_What the task asks_:
Write out every line below again exactly as it stands, skipping each image.

_Recorded data_:
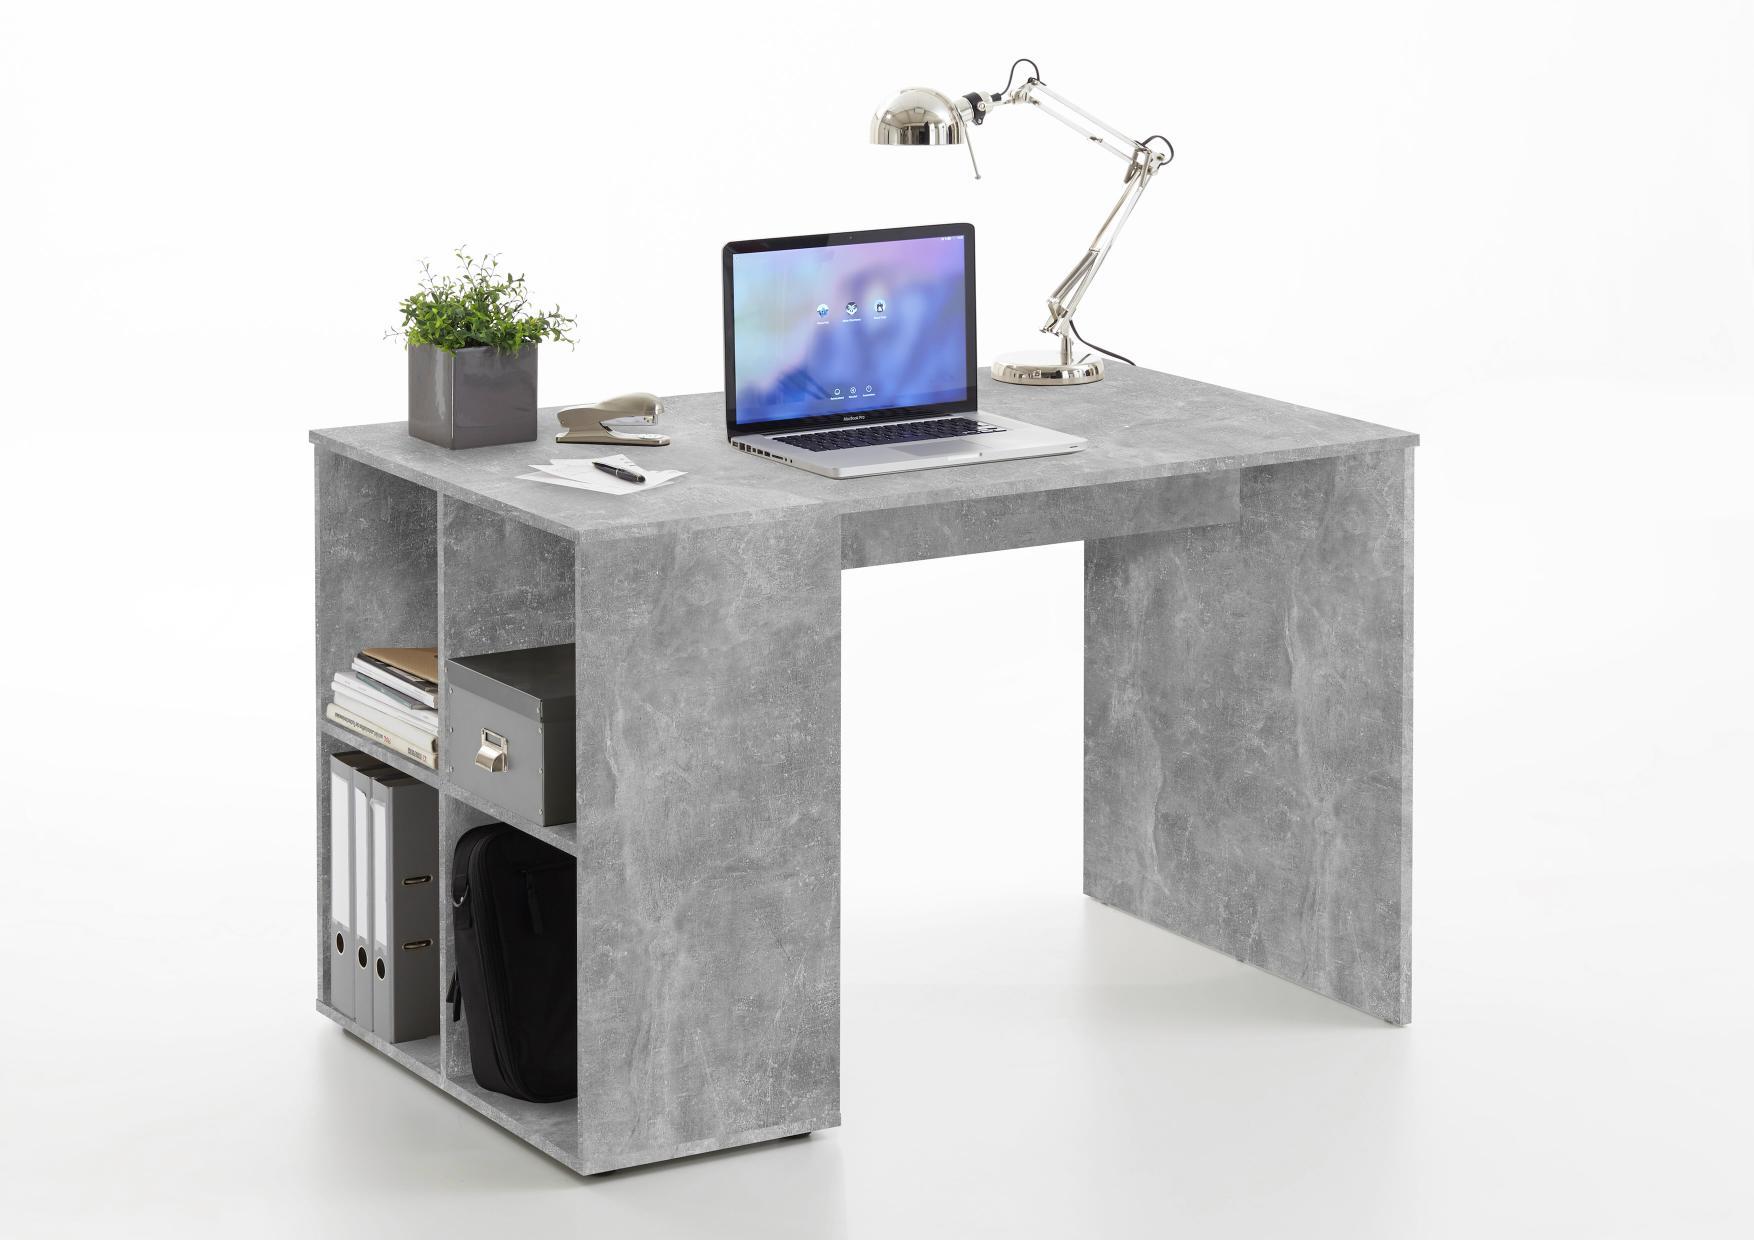 schreibtisch gent beton light atelier nachbildung. Black Bedroom Furniture Sets. Home Design Ideas
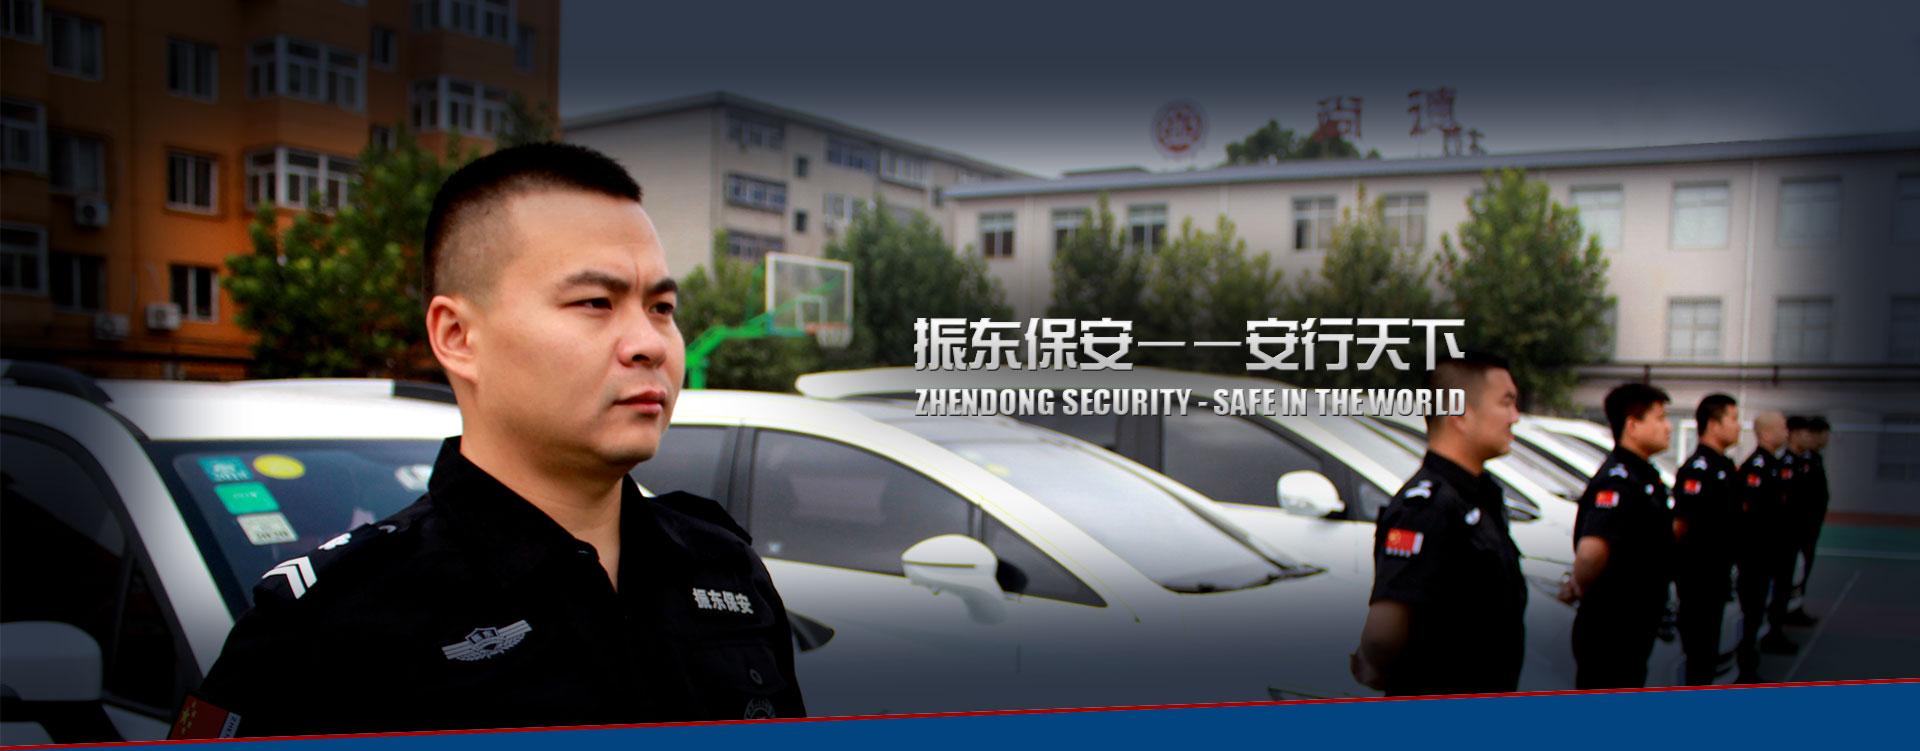 专业保安公司
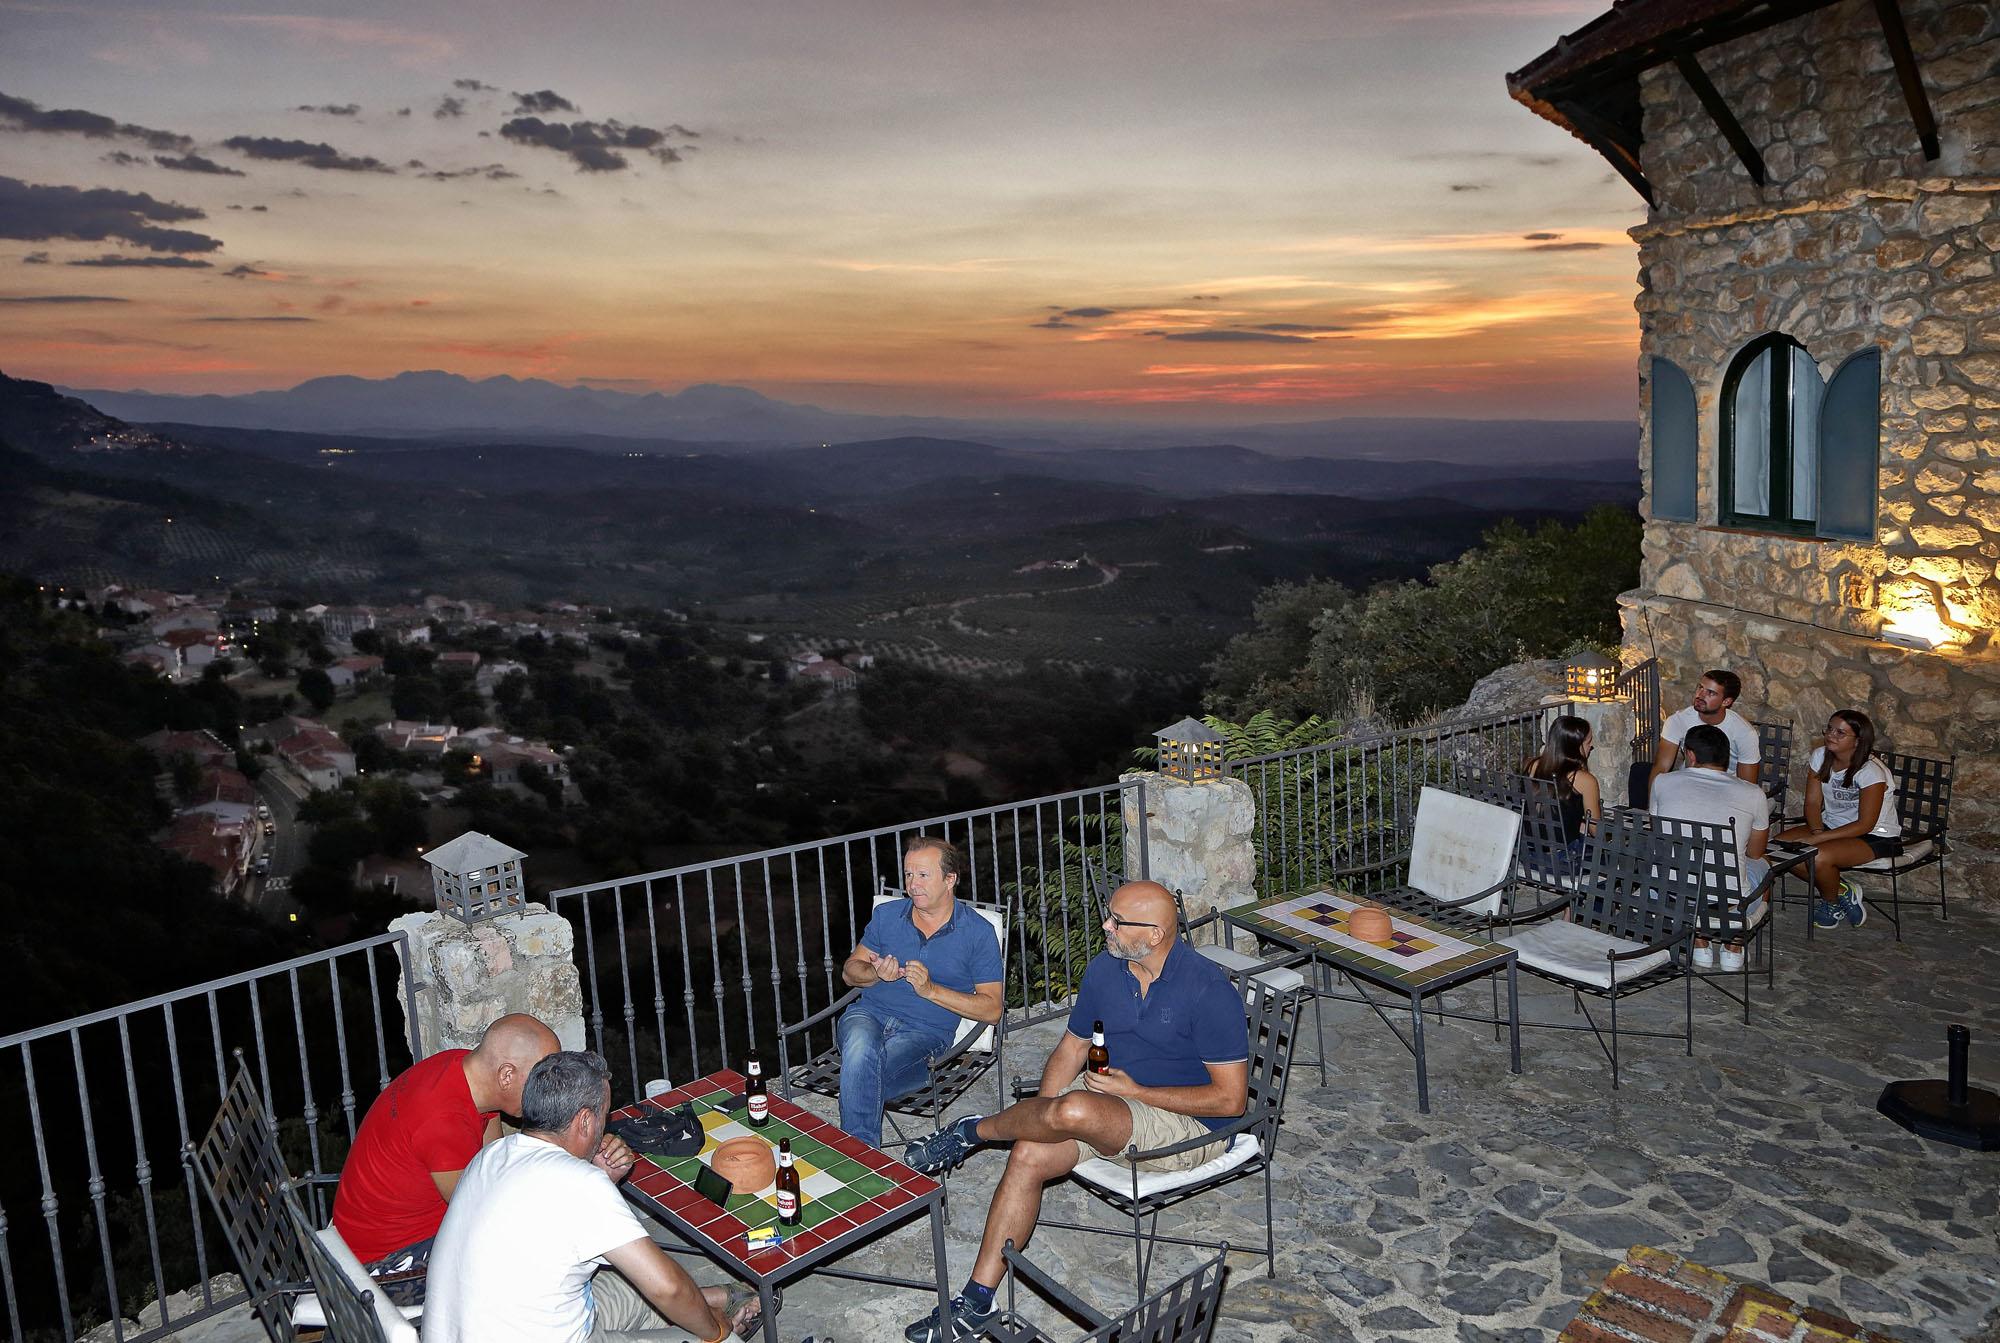 En la terraza del hotel te puedes tomar una cerveza con unas vistas privilegiadas.

_Exercise solution_:
 schreibtisch gent beton light atelier nachbildung. Black Bedroom Furniture Sets. Home Design Ideas
 专业保安公司
 En la terraza del hotel te puedes tomar una cerveza con unas vistas privilegiadas.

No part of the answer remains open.